Cinco bairros inteiros de Maceió seguem marcados por um dos maiores desastres socioambientais da história recente do Brasil. Provocado por décadas de exploração de sal-gema pela mineradora Braskem, o afundamento do solo obrigou milhares de pessoas a deixarem suas casas, gerando traumas profundos e um longo processo de reparação social. É nesse contexto que nasce o Projeto Sankofa, com o objetivo de fortalecer práticas de cuidado e apoio psicossocial entre os atingidos.
Com aulas gratuitas e formação certificada, o projeto oferece um curso para a capacitação de Agentes de Apoio Psicossocial Comunitário (AAPC). A iniciativa é voltada para lideranças comunitárias, profissionais das áreas de saúde, educação, assistência social e cultura, além de integrantes de coletivos, organizações da sociedade civil e demais moradores impactados pelo desastre.
A formação presencial será realizada entre junho e agosto de 2025, com carga horária de 80 horas, dividida em três turmas nos turnos da manhã, tarde e noite. O curso acontece no Centro de Excelência da Vida Espaço Terapêutico, e os interessados devem se inscrever previamente por formulário online. Os participantes receberão certificado emitido pela Fundação de Ensino, Extensão e Pesquisa de Alagoas da Uncisal – Fepesa.
As vagas são limitadas e serão preenchidas por ordem de inscrição, neste link.
Contemplado pelo programa Nosso Chão, Nossa História, do Escritório das Nações Unidas de Serviços para Projetos (UNOPS), o projeto pretende formar até 150 agentes. A coordenadora Renata Guerda destaca a importância do envolvimento das comunidades na construção de respostas às crises. “As diferentes culturas e territórios podem criar redes de apoio que fortalecem o cuidado psicossocial”, afirma.
A Fepesa atua como parceira implementadora.

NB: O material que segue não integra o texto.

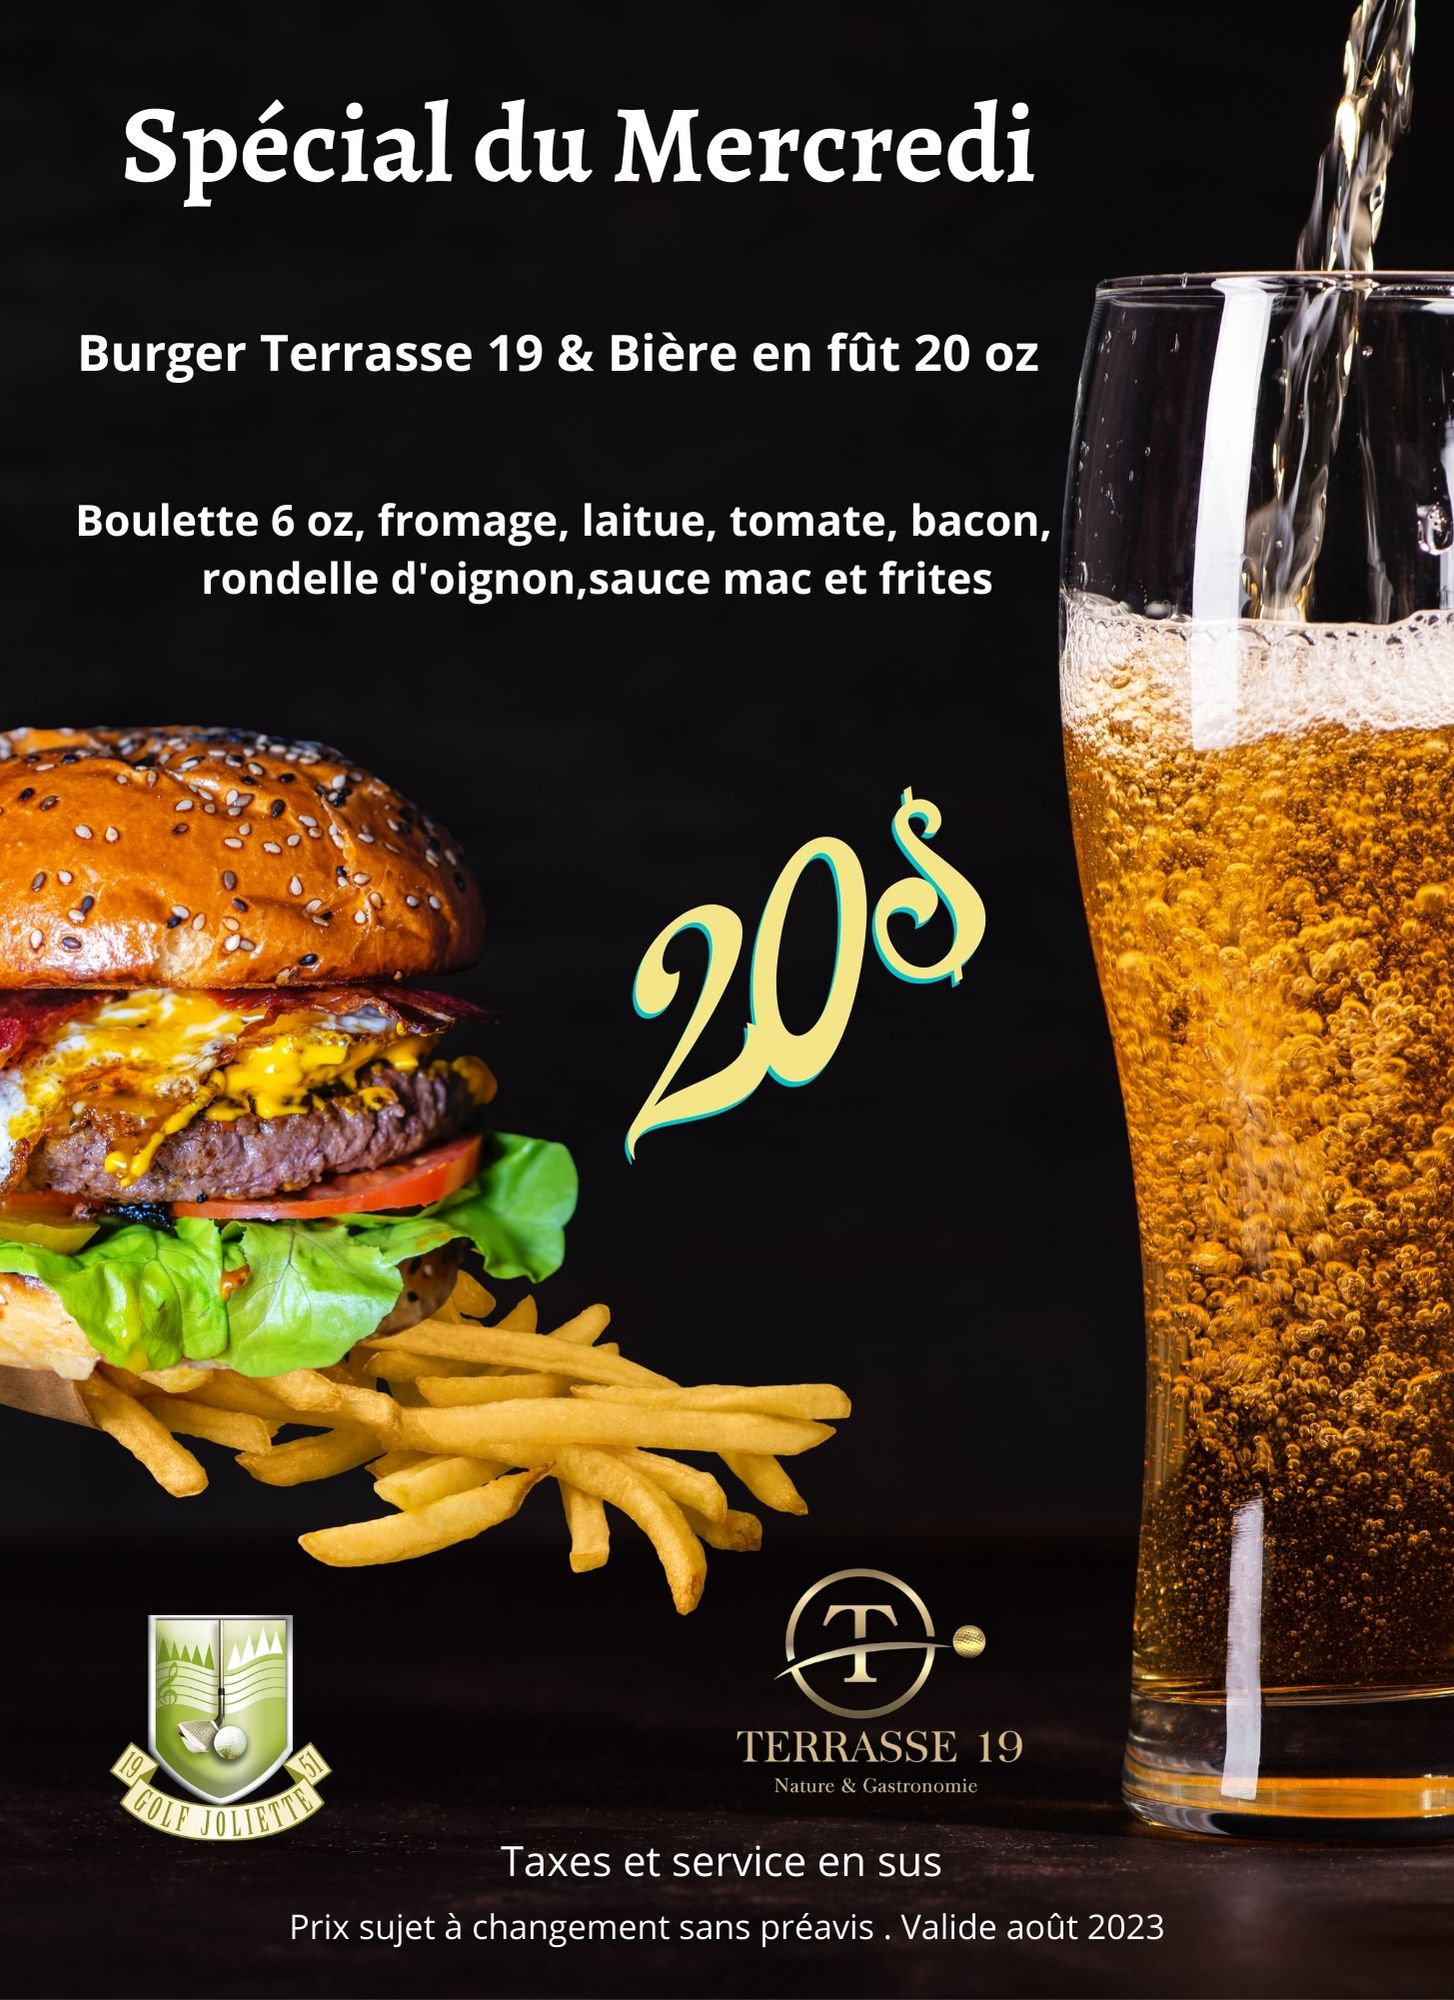 burger terrasse 19

Para a assessora jurídica da fundação, Michele Cordeiro, o projeto simboliza o compromisso com a reconstrução de laços sociais afetados pela tragédia provocada pela Braskem. “É uma oportunidade de transformação real, com impacto direto na vida das pessoas.”
As atividades incluem aulas teóricas, oficinas, construção coletiva de planos de trabalho, produção de um Álbum Afetográfico e um seminário sobre saúde mental comunitária. A formação nasce da Escola Livre de Formação para o Cuidado em Saúde – Cuidar, criada por pesquisadoras da Saúde Coletiva com foco em práticas integradas e humanizadas.